La oficina de Wentz estaba en la cima de una colina bastante elevada desde la que se podía ver la carretera Oíd 101. Desde allí se podían seguir los movimientos de los transportes de mercancías de la Autoridad de la Paz desde varios kilómetros de distancia, tanto hacia el norte como hacia el sur. En aquel preciso momento, sólo Paul Naismith disfrutaba del paisaje. Miguel Rosas miraba lúgubremente a Seymour, que ya llevaba media hora telefoneando a Santa Bárbara y que, por fin, consiguió que le comunicaran con el ghetto de Pasadena. Tal como Mike esperaba, no había nadie al sur de la frontera que pudiera ayudarles. Los mandamases de Aztlán gastaban su oro intentando impedir la «emigración ilegal de mano de obra» desde Los Ángeles, pero nunca perdían el tiempo localizando a quienes lo habían conseguido.

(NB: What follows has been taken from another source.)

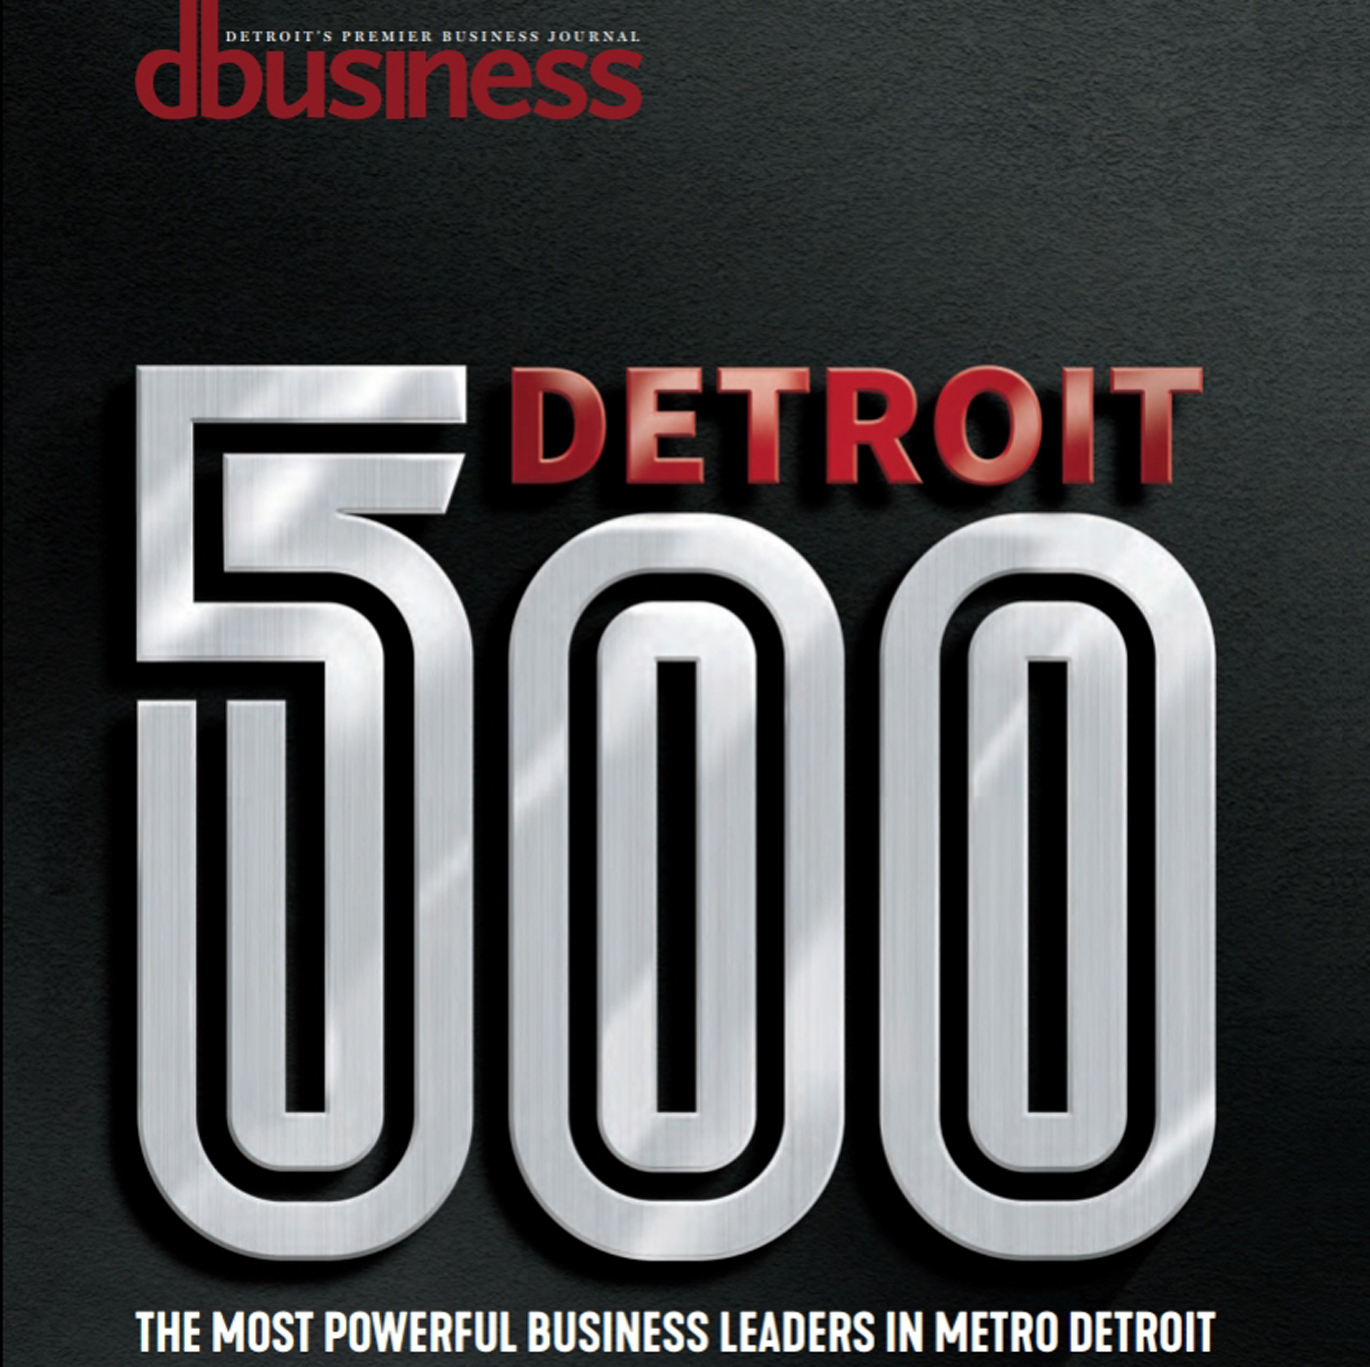 Frank Torre named among the Most Powerful Business Leaders in Metro Detroit for 5th Year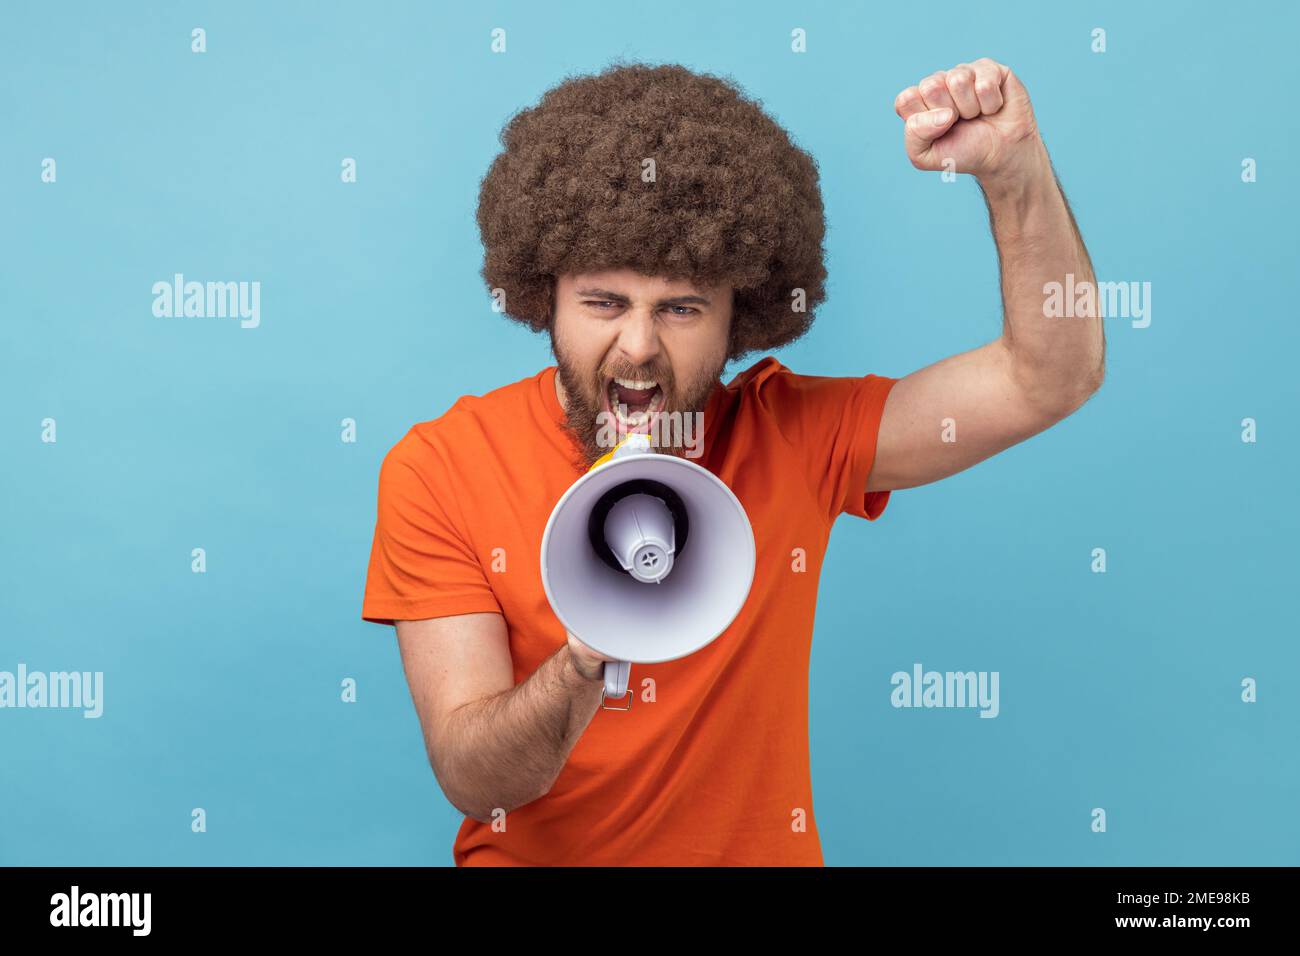 Portrait of serious man with Afro hairstyle wearing orange T-shirt raised hands and holding megaphone, screaming in loud speaker, protesting. Indoor studio shot isolated on blue background. Stock Photo

El sabio de Pasadena al principio pareció excitado por la descripción, pero luego negó que tuviera el menor interés por el muchacho. La otra única pista era un grupo de trabajadores bajo contrato que había pasado por Santa Inés, aquella misma semana, en camino hacia las plantaciones de cacao próximas a Santa María. Sy obtuvo algún resultado por esta parte. Un tal Larry Faulk, contratista de trabajo, había consentido en hablar con ellos. Este caballero, elegantemente vestido, no se sintió demasiado feliz al verles.
—Ciertamente, sheriff, conozco a ese enano. Su nombre es Wili Wáchendon. —Lo deletreó. La «w» tenía un sonido híbrido entre «w», «v» y «b». Tal era la evolución del español negro—. Ayer no se presentó a la hora de partida del equipo. Y no puedo decir que ni yo ni nadie lo hayamos sentido.
—Mike, señor Faulk. Está claro que este chiquillo ha sido maltratado por su gente — señaló por encima de su hombro hacia donde estaba el chico, Wili, en una celda. Estaba inconsciente, lo que le hacía parecer todavía más hambriento y patético que cuando estaba en movimiento.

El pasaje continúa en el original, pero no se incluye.